Классическая русская литература в свете Христовой правды - Вера Еремина
Шрифт:
Интервал:
Закладка:
Никита Толстой в эмиграции окормлялся у протоиерея Георгия Флоровского. После войны они по обоюдному согласию, сердечному согласию, простились и один уехал в Америку, а другой – в Россию.
Никита Ильич Толстой скончался не давно, и последние его труды относятся к Российскому Православному университету. Никита Ильич Толстой целых 50 лет (с 1948 года) прожил в России как убеждённый православный несущий свою веру именно как знамя. Похоронен в Ясной.
Традиция (мнения) о Льве Толстом разделились. Одна из традиций – это традиция искупления, отработки, то есть за себя и за того парня, попытки подарить человеку посмертно хоть что-нибудь из своих во Христе добрых дел.
Другая традиция – фетишизация. Она существует в Америке, долго бытовала в музее Толстого в Хамовниках в Москве[125].
Эти обе традиции как бы собою выявляют то раздвоение личности, которая оставалась у Толстого.
Человек, наиболее всего понимавший Толстого, его двоюродная тётка Александра Андреевна Толстая писала так, что, “видимо, сам дьявол – воплощение гордости, завладел им, чтобы уничтожить его богатые природные (то есть от Бога) дары”.

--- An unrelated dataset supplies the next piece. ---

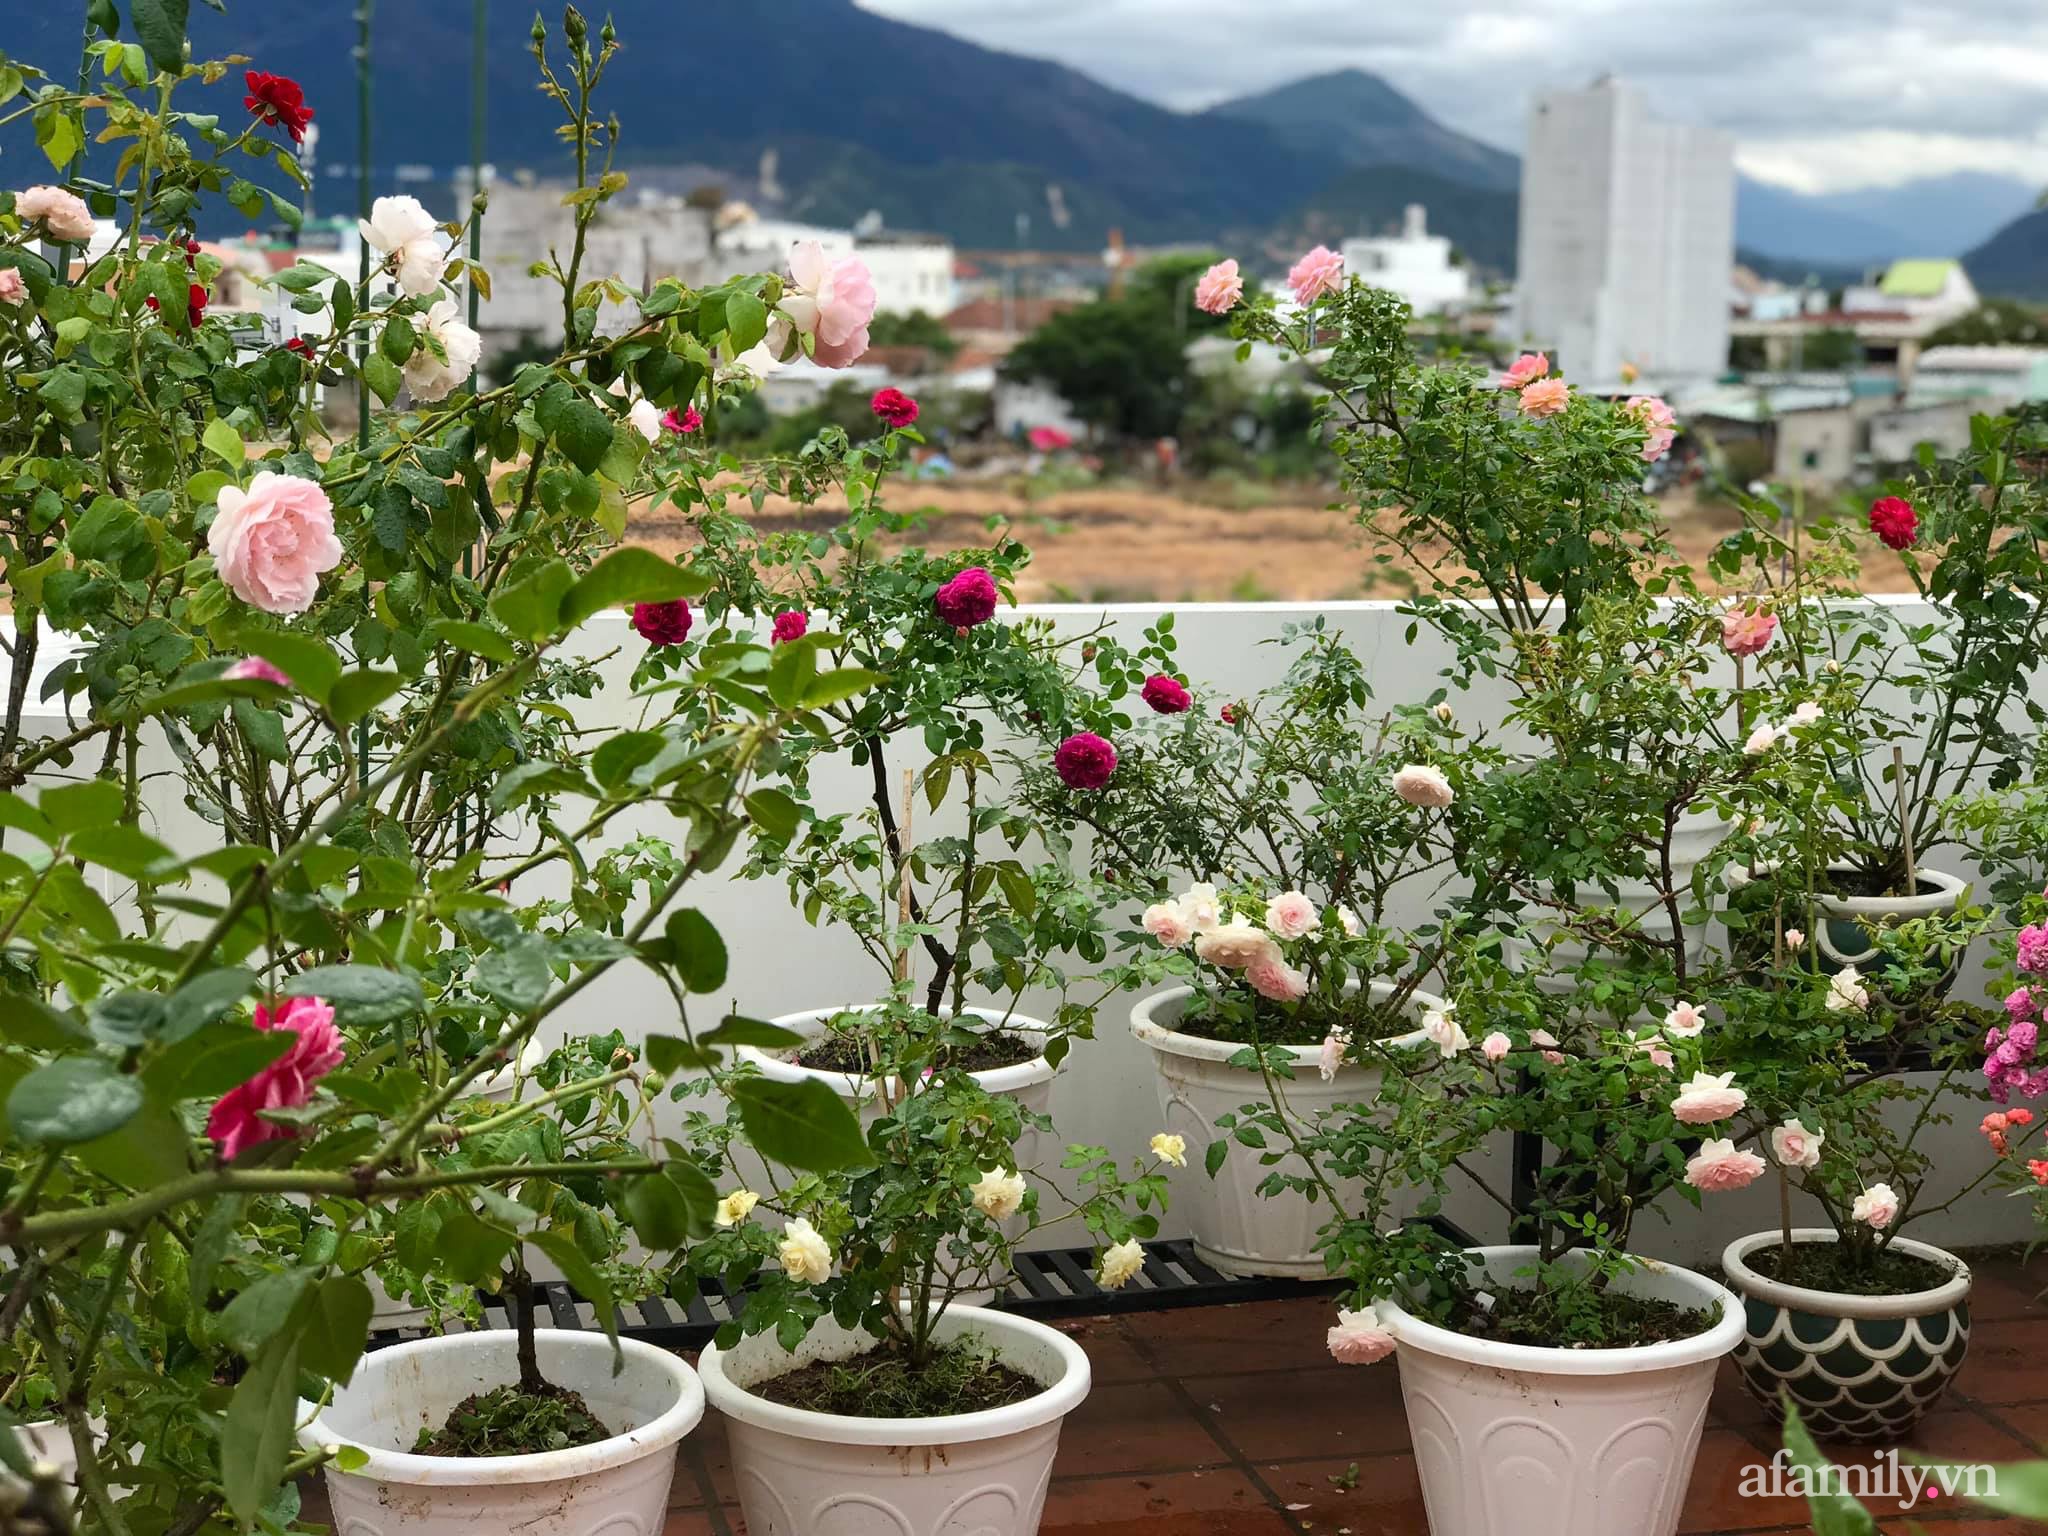 Ngày 20/11 ghé thăm vườn hồng ngát hương dịu dàng khoe sắc trên sân thượng của cô giáo dạy Văn ở Nha Trang - Ảnh 12.

Единственное, что оставляет какую-то надежду – это феномен обстессии Толстого, то есть длительный и не избывный период приражения к дьяволу.
Когда пытались осмыслить феномен толстого в русской литературе и именно в свете Христовой правды, то всё-таки самое, пожалуй, основательная вещь – это произведение Иоанна Шаховского “Революция Толстого”.
Настоящее и серьёзное осмысление феномена Толстого стало возможным только после революции, так как до неё сам Толстой замечал и не без основания, – почему отлучили только меня, когда православно верующих людей в нашем круге на пальцах одной руки перечесть можно.
Русское образованное общество пришло к вере только под воздействием всесокрушающей Божьей благодати, которую в своё время предсказал Феофан Затворник, скончавшийся в 1894 году. Феофан Затворник прямо писал о грядущем всесокрушающем воздействии благодати Божией, которая как раз и настигла русскую жизнь, русскую мысль и русское бытие именно в революцию.
До этого тысячи безбожников считались православными и писались в документах как православные (бытовало выражение “казённое православие”). Казённое православие было разбито всесокрушающим воздействием благодати и настало православие исповедничества.
В этом исповедническом православии приняли участие некоторые бывшие толстовцы: Леонид Семёнов-Тяньшанский, князь Димитрий Хилков, Иван Васильевич Трегубов, Новосёлов и многие многие и даже Бердяев, который хотя и не удостоился исповедничества, но всё своё эмигрантское бытие оставался прихожанином Трех святительского подворья в Париже.
Люди, которые прошли толстовство, испытали и преодолели, могли и должны были и совершили то, что были должны, а именно, пройдя искушение, засвидетельствовали неправду своего прежнего пути для предостережения многих против, так называемого, морального христианства. Иными словами – христианства без Христа.
Лекция №29.
Антон Павлович Чехов.
Опровержение и отвержение легенд.
Рассматривать Чехова после Толстого очень естественно, так как они были (старший и младший) современники, но и Репин Илья Ефимович сватал старшую дочь Толстого Татьяну Львовну за Чехова. Чехов и Толстой много лет были лично знакомы и знакомы дружески, что чрезвычайно редко бывает в писательском мире, а у Толстого тем более. Толстой Чехову не завидовал и его не ненавидел и для Толстого это уже чрезвычайно много.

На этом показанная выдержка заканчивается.